On aurait tort, à l'instar de ses détracteurs qui n'ont jamais cherché à voir en lui autre chose que l'archétype du groupe de rock pour surfeurs californiens, de réduire les Eagles à une usine à tubes, car derrière cette vitrine commerciale se cachent une finesse de touche et un talent hors-pair pour la composition ciselée à la manière d'un travail d'orfèvre. Une écriture qui a su évoluer au fil des années, se bonifier et se fixer à partir de "Hotel California" (1976), aboutissement mais aussi (quasi) testament d'une carrière fulgurante, puisque ne lui succédera qu'un seul album, l'épitaphe "The Long Run" trois ans plus tard.
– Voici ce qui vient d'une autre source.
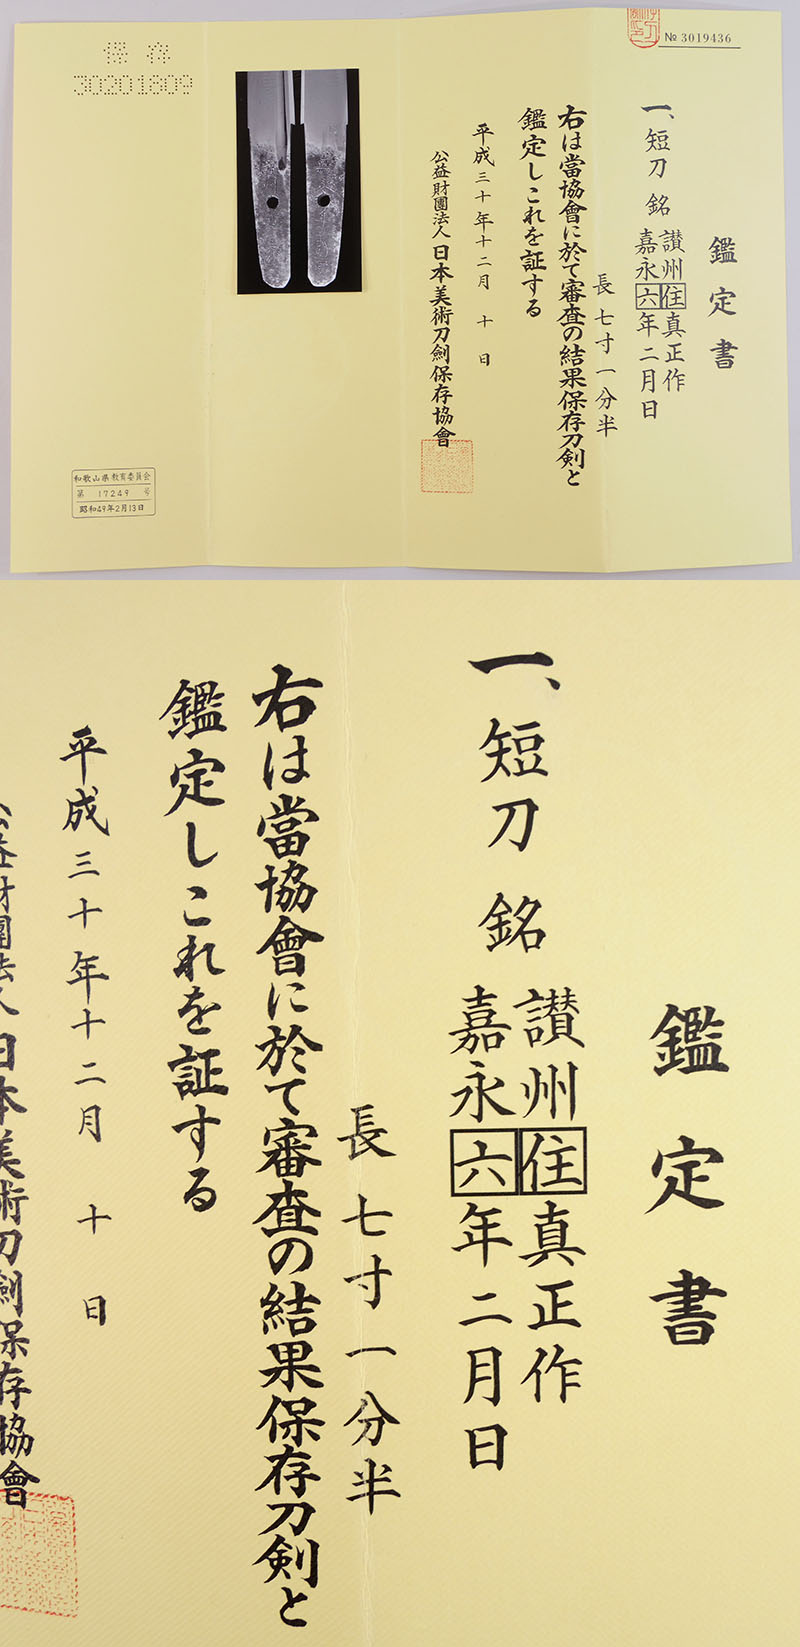 讃州住真正作 Picture of Certificate

Coincé entre le deuxième album, "Desperado" et "One Of These Nights", "On The Border" se présente comme une œuvre charnière dans la discographie du combo de Los Angeles, en ce sens où il tente de gommer les accents country qui le recouvrent néanmoins toujours d'un vernis chaleureux, afin d'entamer une mue vers cette musique aux traits sinon (un peu) plus durs, au moins plus rock qui fera le succès des Eagles. Le fait que celui-ci ait préféré à Glyn Johns le producteur Bill Szymczyk, qui a travaillé avec (entre beaucoup d'autres) The James Gang et Joe Walsh, qui ne tardera d'ailleurs pas à remplacer le guitariste Bernie Leadon, témoigne chez le groupe de sa volonté d'araser ce socle historique.
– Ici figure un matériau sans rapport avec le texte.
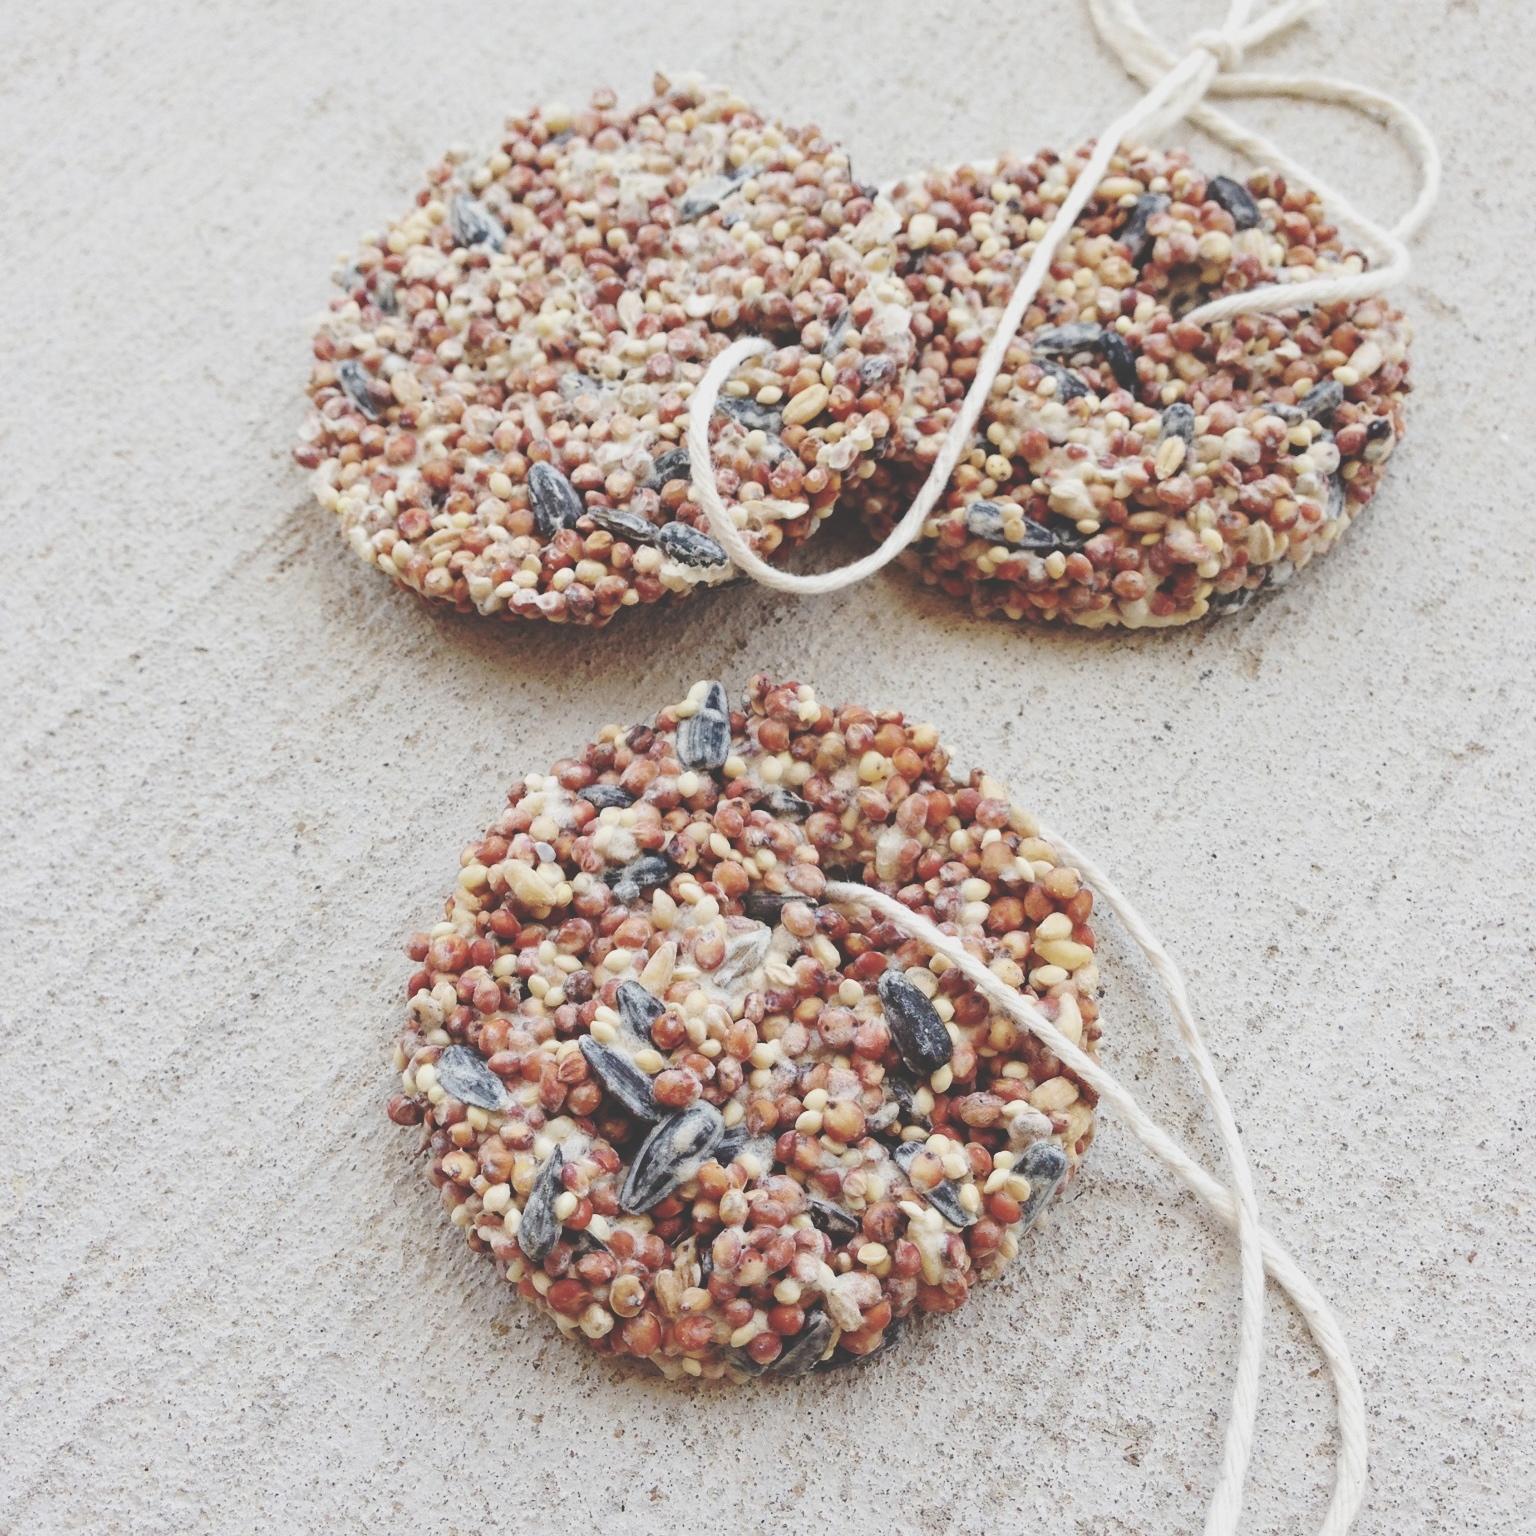 Birdseed bird feeder ornaments for How to make suet balls for bird feeders

Pourtant le résultat se révèle mitigé car il ne possède ni la verve caillouteuse de son aîné ni la force accrocheuse de son successeur. De fait, "On The Border", qui marque l'arrivée de Don Felder, lequel se fend de lignes de guitare sur 'Already Gone' et de slide sur 'Good Day In Hell', semble hésiter entre deux directions, country d'un côté et rock de l'autre, ce qui ne l'a pas empêché de glisser dans les charts trois singles dont un 'James Dean' à l'entame du feu de dieu et la respiration terminale 'The Best Of My Love', ballade doucereuse qui illustre encore une fois, avec le poignant 'Ol' 55', un 'My Man' plein d'une tendresse chaloupée et plus encore un 'You Never Cry Like A Lover' puissamment émotionnel, combien le groupe brille dans ce registre délicat.
L'entraînant 'Midnight Flyer', le paisible 'Is It True' ou la chanson éponyme éponyme gorgée d'un feeling rhythm 'n' blues et coloré de chœurs soyeux, complètent une rondelle bien faite quoique sans génie et probablement la plus faible des Eagles.